Testing should be expanded to rapid anti-gen testing for people crossing the border for other groups, including all essential and permitted workers along with populations that experience marginalisation such as those in transitional housing “potentially through mobile and door to door outreach services.”
They also propose widespread vaccine mandates.
These would include “essential and permitted workers in Auckland who travel across the Auckland border or are managing this border, notably police; public-facing workers in Auckland, including retail, food and beverage workers, and those who work in the police, corrections, armed forces, and other security-based occupations and all healthcare and aged care workers across NZ (but especially Auckland).”
And they also said the Government should Indicate that vaccine mandates will be required for a wide range of settings as soon as a valid certificate system can be implemented, notably indoor public places (e.g., cafés, restaurants, theatres, music venues, nightclubs, gyms, faith-based meetings), air travel, and organised events (e.g., music festivals).
“Successful control of Covid-19 in NZ now depends on successful control in Auckland,” the said.
“Slowing, or ideally eliminating, Covid-19 transmission benefits the entire country and buys time to achieve high and equitable vaccination.”
They said New Zealand needed an urgent review of Covid-19 control measures in Auckland and an upgraded strategy.
“This enhancement needs to include leaders of the Māori and Pasifika communities who are most affected by the pandemic and can establish and sustain models of care that are equity-focused and culturally safe across all providers,” they said.
“There also needs to be specialised support for people who have drug and alcohol dependency and may be particularly vulnerable to Covid-19 infection.”
Ardern, however, continues to prevaricate on the question of vaccine mandates.
“We are looking at that issue,” she said yesterday.
Similarly, the Government is not ready to agree to test more frequently than weekly people crossing the border.
“We haven’t considered more frequent testing,” she said.
“ Keep in mind, literally thousands of individuals, for very legitimate reasons, the vast bulk of which is freight, move across that boundary.

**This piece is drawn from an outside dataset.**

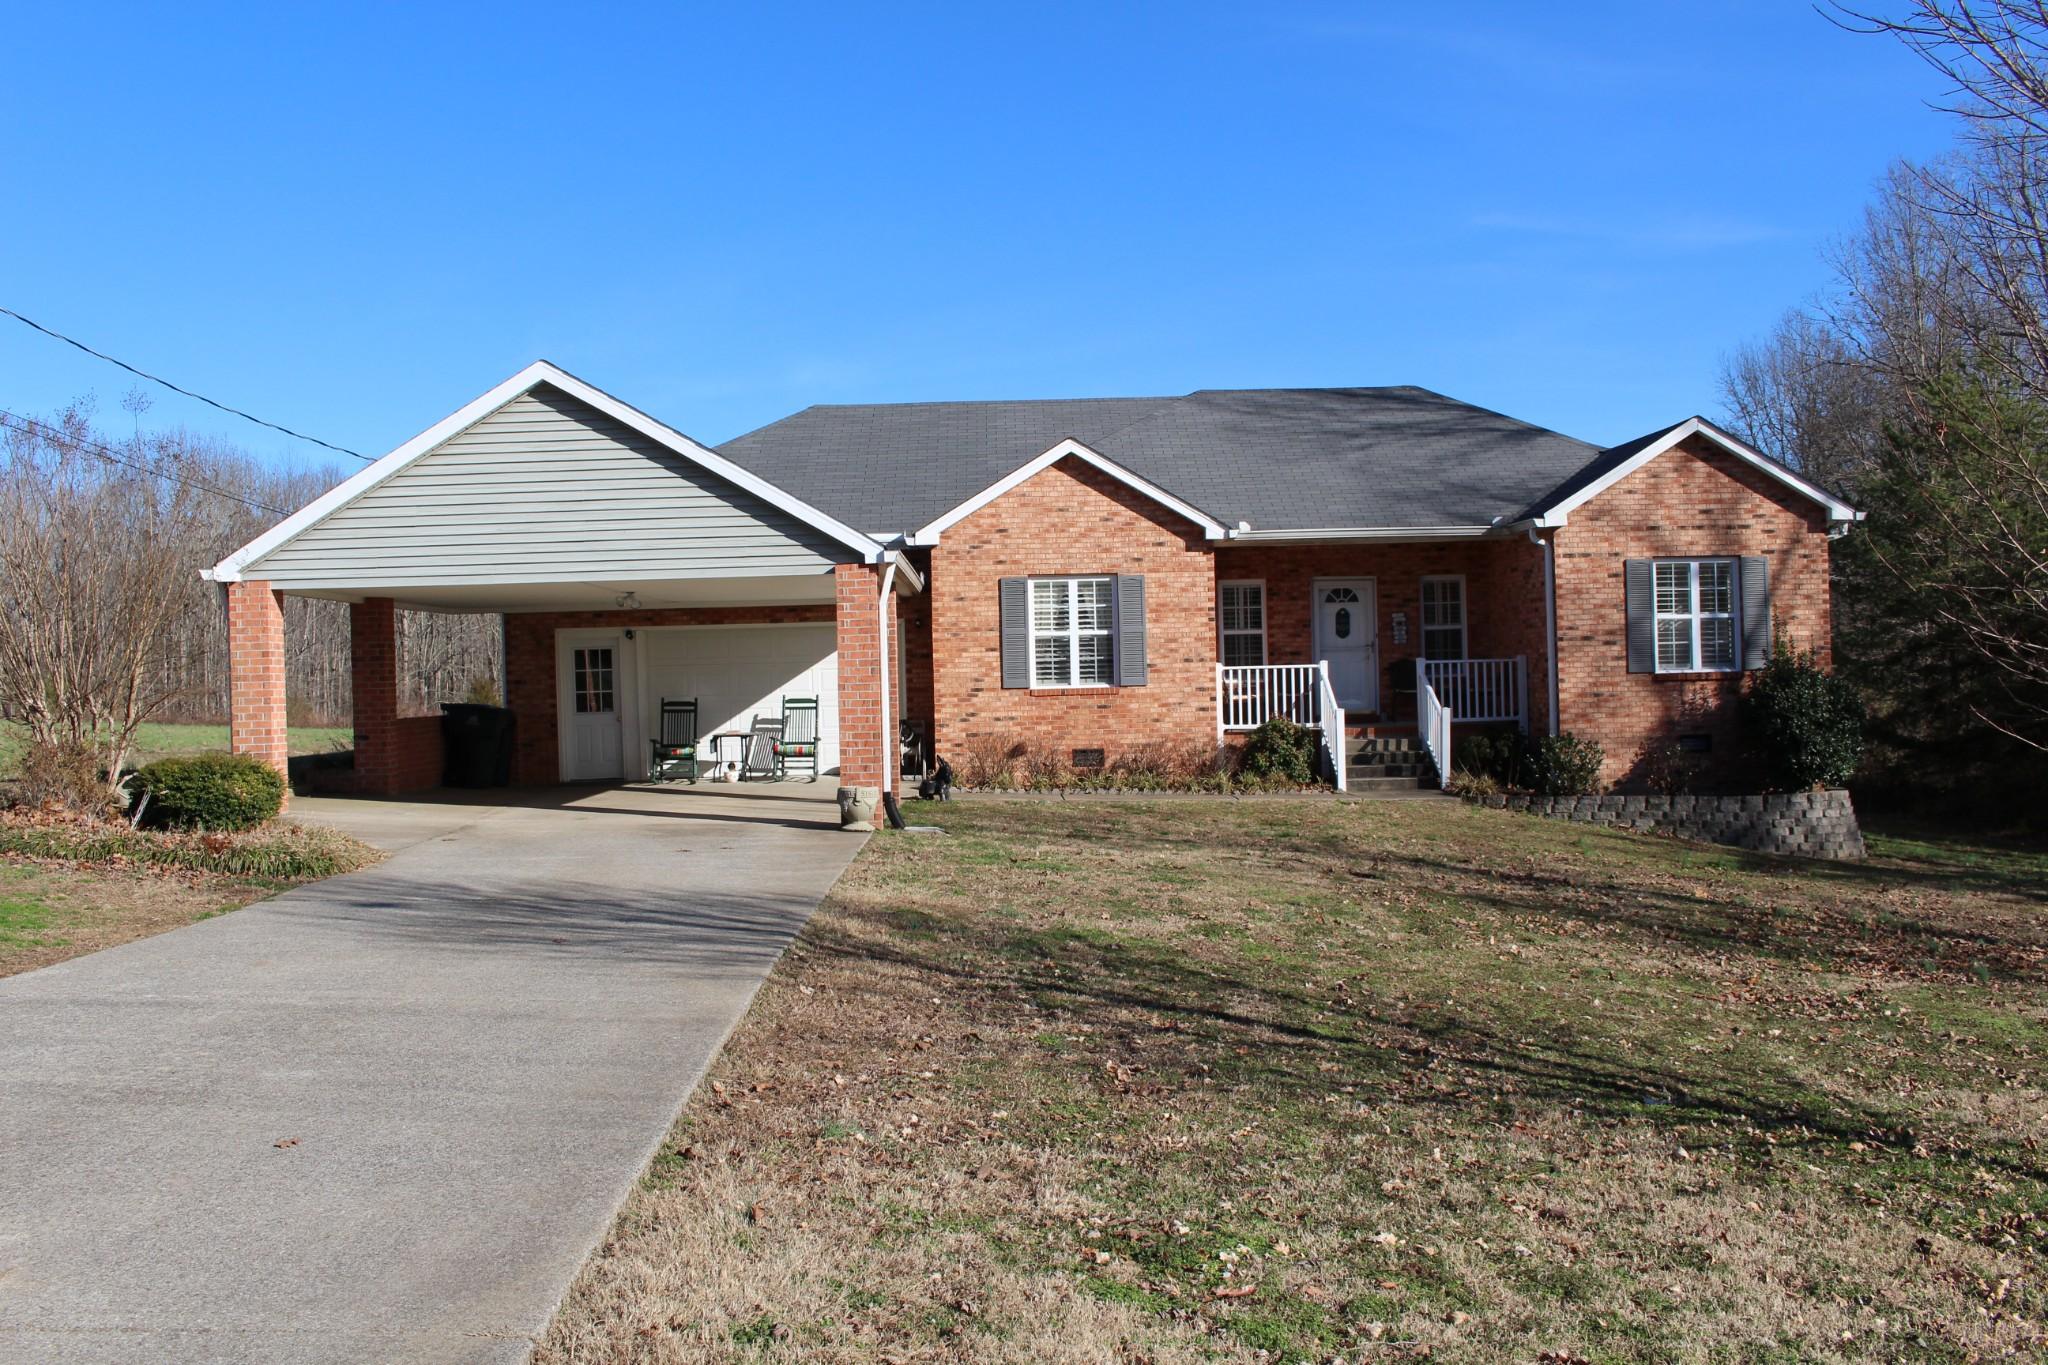 109 William Driver Ln, White Bluff, TN 37187 - White Bluff, TN real estate listing

“So it probably, I think, would pose some practical issues.”
And the Government doesn’t know whether people crossing the border are vaccinated.
“No, we don’t, because we would have to be able to categorise someone’s individual occupation, and employers would have to have the ability to request that medical information from their individuals,” she said.
“So no, we don’t.
“We have, however, worked with freight companies to set up workplace vaccination.
“So that has been one of our target areas.”
Ardern said she would outline the next steps in the Government’s war against Covid today.
But from what she said yesterday, they would seem unlikely to get near the proposals put forward by the Otago medical academics.